# Logistic Regression

we are going to use the age and income of the user to predict wheather they aregoing to buy (1) or not (0)

In [3]:
import numpy as np
import pandas as pd
import matplotlib.pyplot as plt
from sklearn.model_selection import train_test_split
from sklearn.linear_model import LogisticRegression
from sklearn.metrics import classification_report, accuracy_score, confusion_matrix

# Creating Random Data Set

In [4]:
np.random.seed(42)

# Generate Random Data for customer variables

In [5]:
age = np.random.randint(20,60,100)
income = np.random.randint(30,120,100)

# Target variable: Purchase (1 if likely to purchase, 0 otherwise)

In [6]:
purchase = (0.05 * age + 0.03 * income + np.random.randn(100) > 5).astype(int)
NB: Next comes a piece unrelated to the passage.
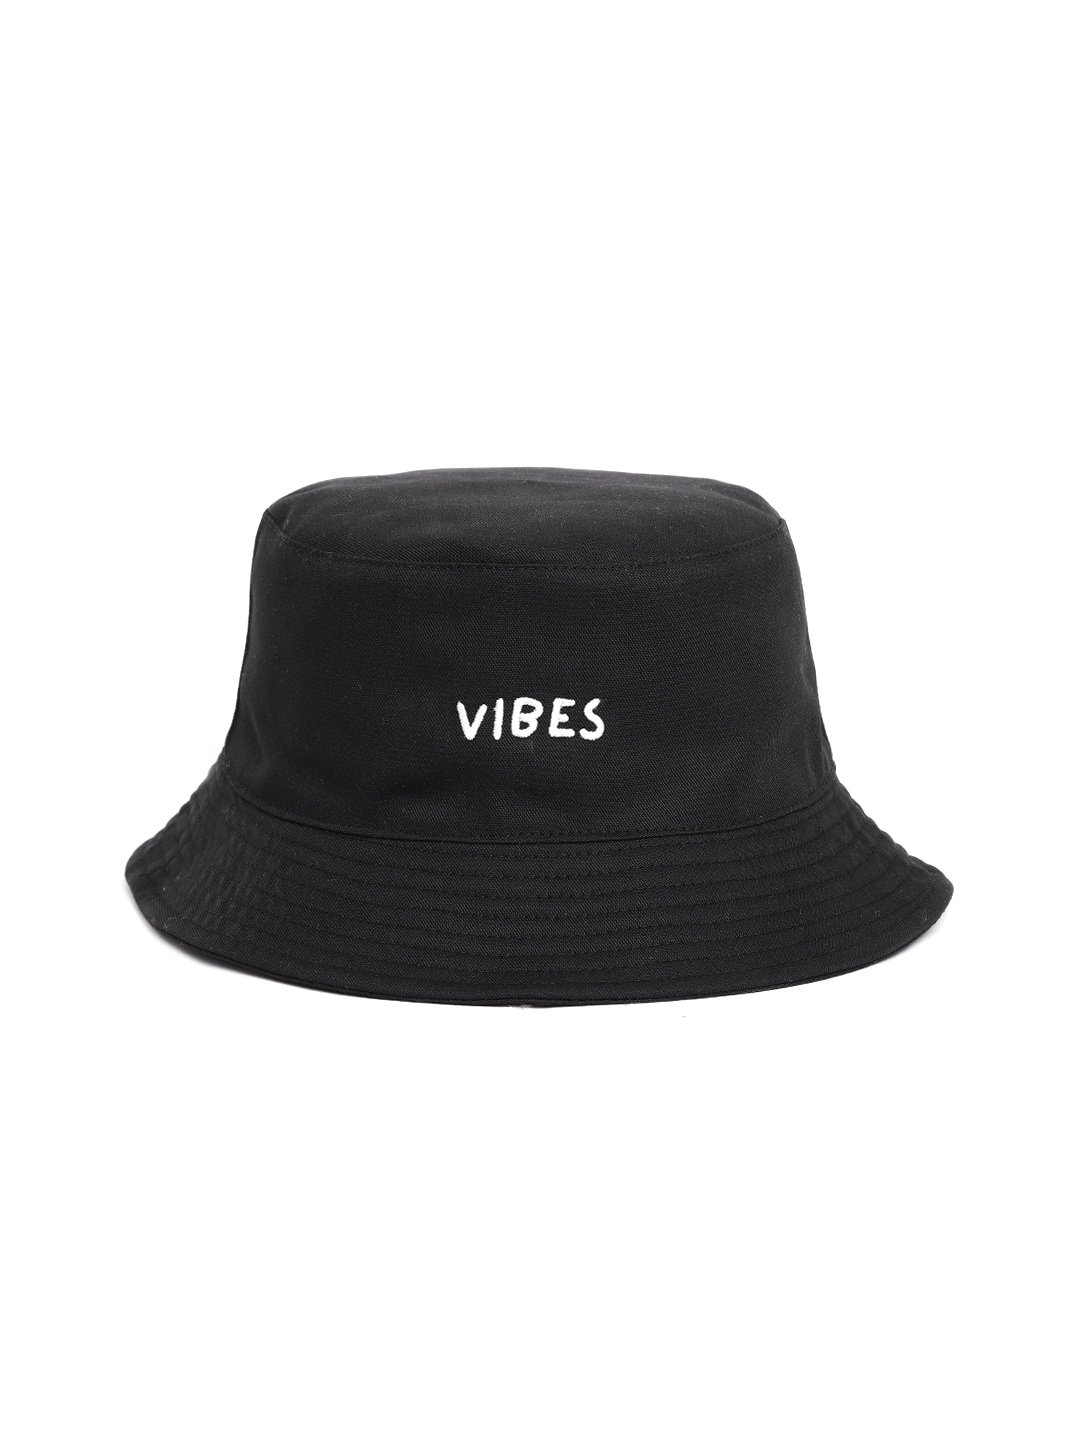 Blueberry Unisex Black Embroidered Reversible Bucket Hat Price in India

# Creating A the Data Frame

In [7]:
data = pd.DataFrame({'Age': age, 'Income': income, 'Purchase': purchase})

# Spliting data into Testing and Trainig Mode

In [8]:
x = ['age', 'income']
y = ['purchase']

In [None]:
x_train, x_test, y_train, y_test = train_test_split(x,y, test_size = 0.3, random_state=42)

# Logistic Regression

In [None]:
log_reg_model = LogisticRegression()
log_reg_model.fit(x_train, y_train)

# Make Predictions

In [None]:
y_pred = log_reg_model.predict(x_test)
y_pred_prob = log_reg_model.predict_proba(x_test)[:, 1]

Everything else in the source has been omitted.